The second part of the spending package aims to tackle racial and gender equity, another of Biden’s campaign promises. This part would dedicate money to education and programs dedicated to increasing female participation in the workforce. Additionally, the bill would extend subsidies for low- and middle-income Americans to buy health insurance and the child tax credits introduced by the relief bill.
What are the challenges?
Addressing the challenges of an aging infrastructure system and creating jobs are both bipartisan objectives. How these objectives are achieved, though, is contentious.
Republicans want to be involved in the conversation, but a bill that is agreed upon by those on the right may not go far enough for progressives. The Biden administration has to walk a fine line if it wishes to get support from those on both sides of the aisle.
One of the major issues addresses the cost of the bill and how the federal government plans on paying for it. Treasury Secretary Janet Yellen believes the government can find the funds if they readjust the tax structure.
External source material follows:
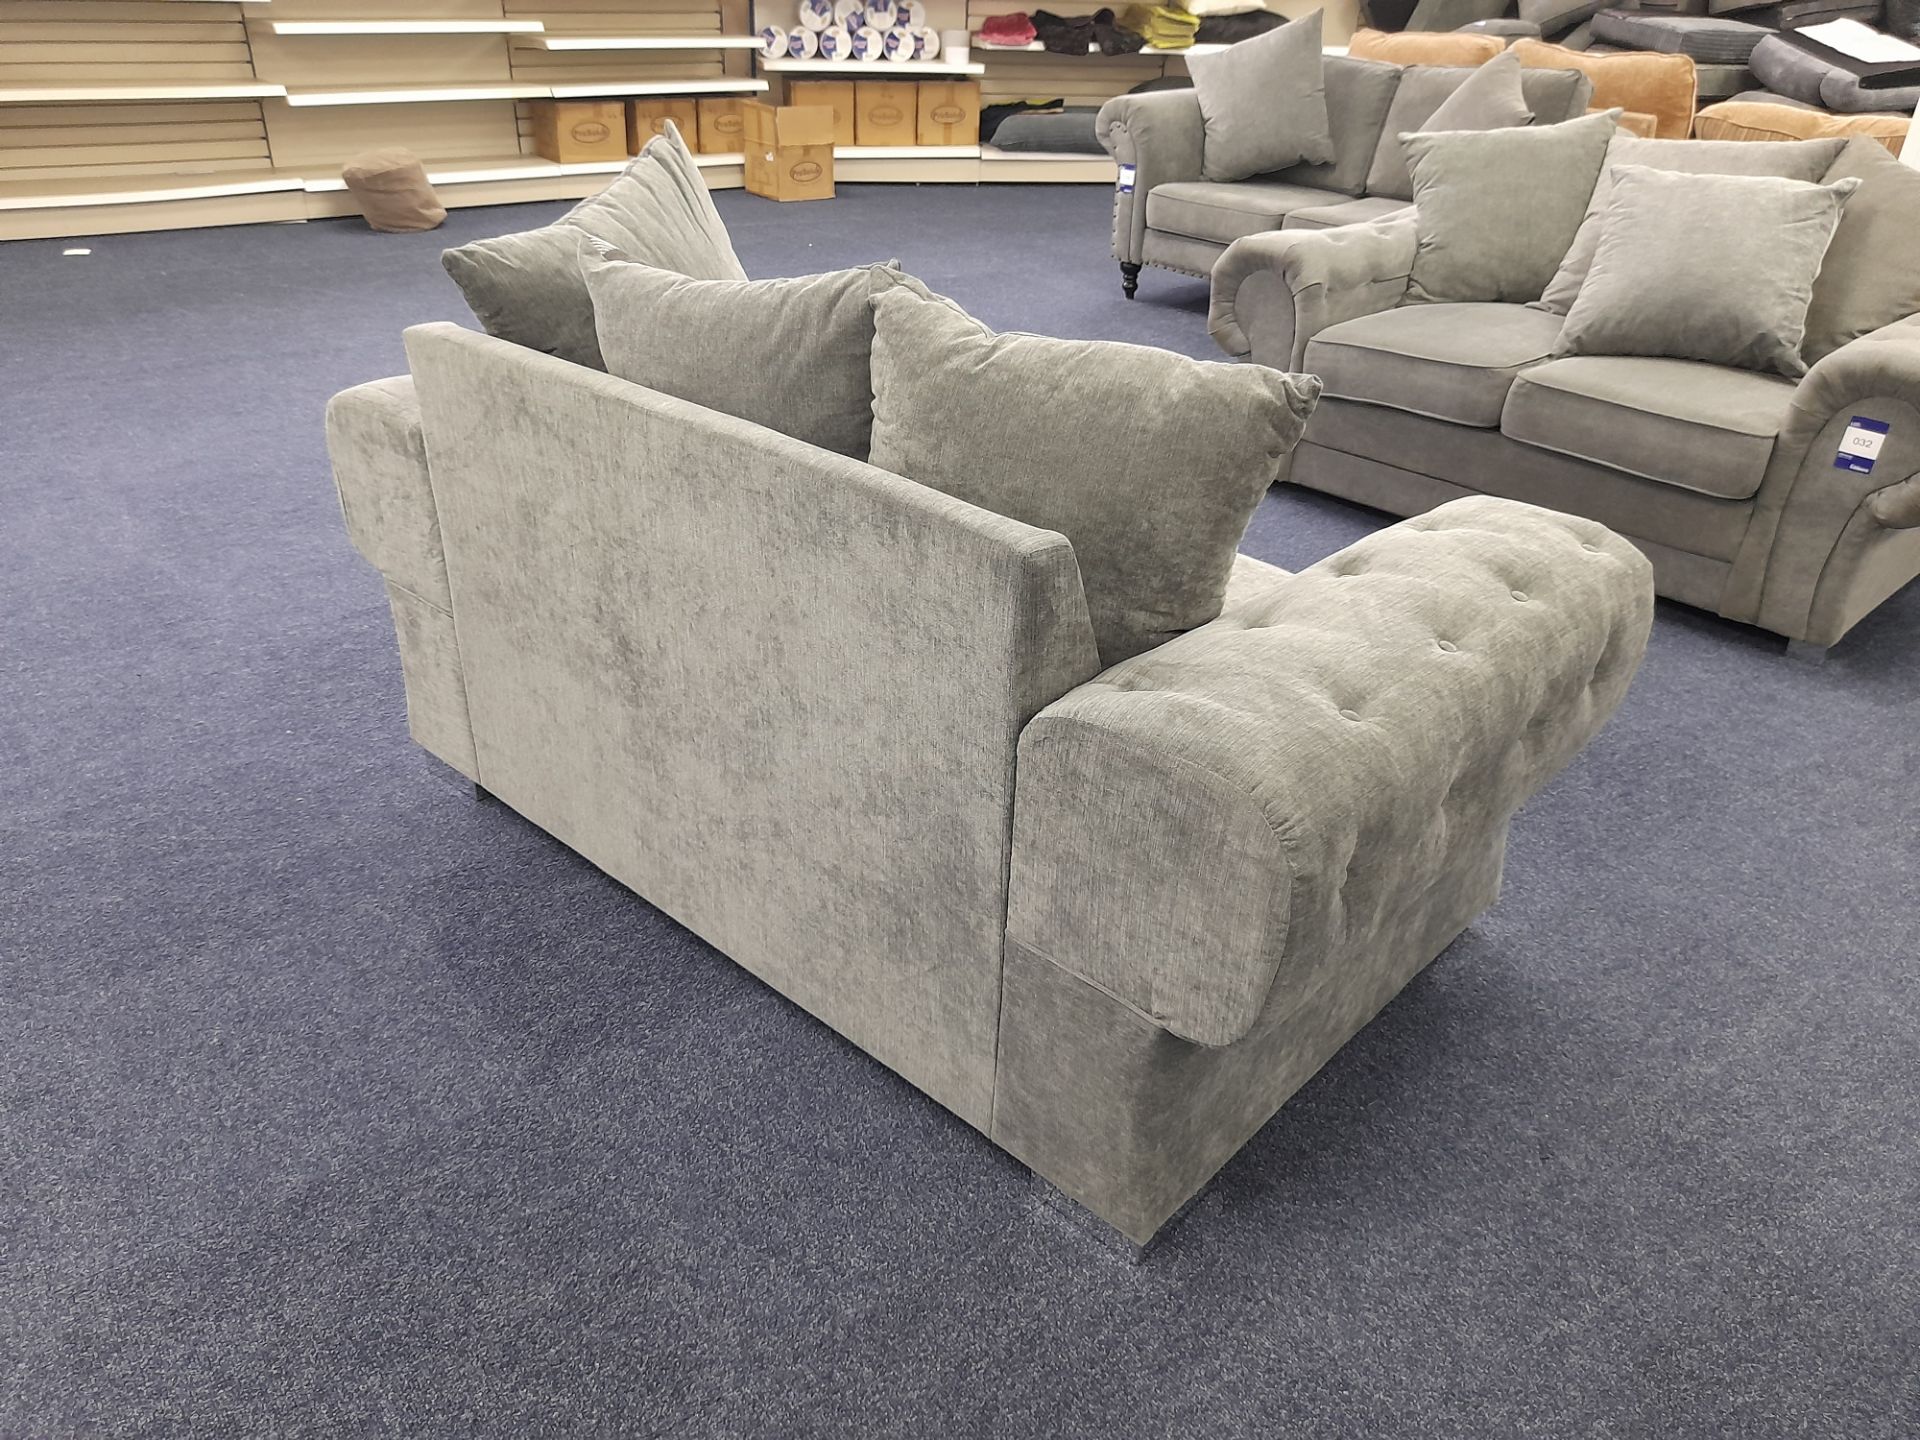 Grey fabric upholstered, 2 seater, scatter cushioned back sofa (Ex-Display) - Image 4 of 4

“We expect to examine changes to tax policy along with programs that will address some of the long-standing problems that have held down productivity and labor supply in the United States," Yellen said. “We’ll address infrastructure, clot risks from climate change, education, training."
Senator Joe Manchin, a moderate Democrat from West Virginia, says he won’t vote on the bill unless there is some support from across the aisle.
“I am not going to get on a bill that cuts them out completely before we start trying,” he told Axios. Manchin also stated that the plan needed to be paid for by tax increases.
A change in the tax code does not sit well with Republicans.
At a press conference earlier in March, Senate Minority leader Mitch McConnell expressed his disapproval.
“I think the Trojan horse will be called infrastructure. But inside the Trojan horse will be all the tax increases that Sen. [Rick] Scott and others have been talking about.”
Despite this, Democrats still hold a majority, however slim, in both chambers of Congress and can pass the bill without bipartisan support.
Pete Buttigieg, Biden’s Secretary of Transportation, is looking at the challenges that infrastructure gives optimistically.
“Not every generation gets to literally build anew and shape its own future,” he tweeted on Monday. “But the generations living today in America have that chance. This is a season for thinking big about infrastructure.”